Python's threadpoolexecutor is still single OS-threaded. There will only ever be one thread executing in parallel (due to the GIL). Basically, in python, asyncio and threadpoolexecutor are almost entirely mappable to each other. Neither can accomplish more than the other.
Multi-process code can, of course, address some of these issues, but it comes at the cost of spinning up multiple OS processes and costly inter-process communication etc.
This doesn’t sound quite right. Unless they changed something threadpoolexecutor does involve multiple OS threads, and is not single threaded. Sure the GIL puts a big limitation on parallel execution, but it is most definitely different.
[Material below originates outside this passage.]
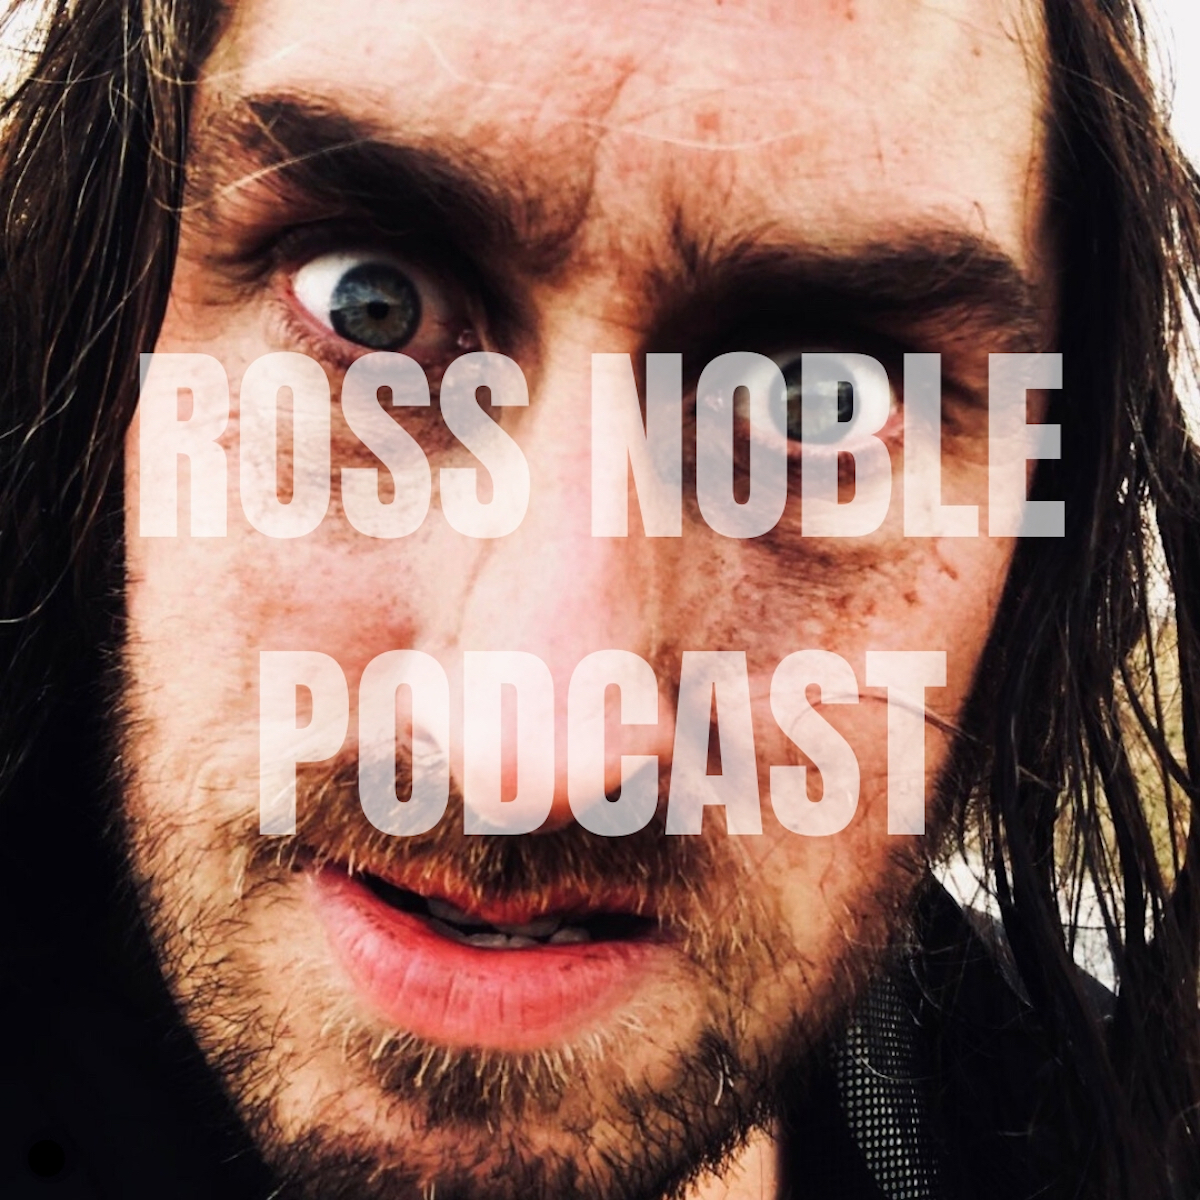 ROSS NOBLE PODCAST: Shania Twain, That Don't Impress Me Much - The Prequels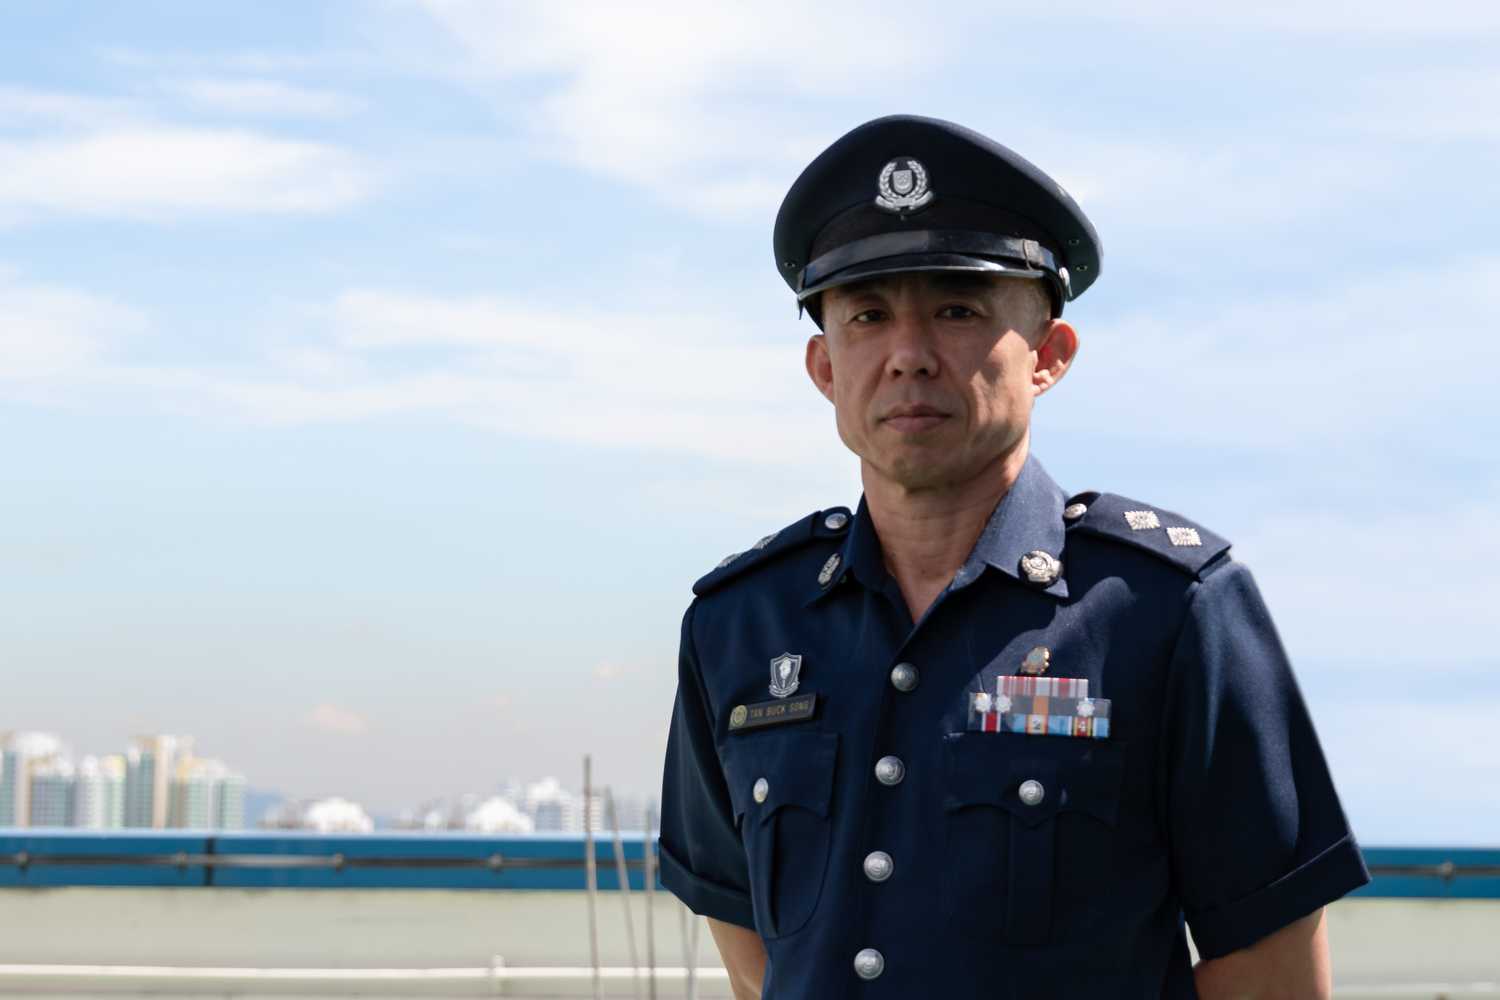 Inspector Tan Buck Song posing for the camera, wearing his Singapore Police Force uniform 3 and peak cap, against the blue sky and white clouds background.

For one, regardless of the GIL it is still possible to have races in multithreaded python code. You have to worry about RMW because the threads are arbitrarily preemptible at a bytecode boundary. This is not the case with asyncio.
Additionally you can release the GIL when making calls to C code. Asyncio is giving you concurrency by using nonblocking calls, you can’t run two CPU bound threads in parallel with it. But you can do this with python threads. So it’s not true that neither can accomplish more than the other.
The only issue I see re: the GIL is that ThreadPoolExecutor (by its name) can mislead them into thinking that they are using proper threads when in fact they are still constrained by the GIL.
It's a confusion that has been quickly resolved every time a team mate of mine has run into the issue, but I have seen it happen multiple times (at different places).
Multi-process code can, of course, address some of these issues, but it comes at the cost of spinning up multiple OS processes and costly inter-process communication etc.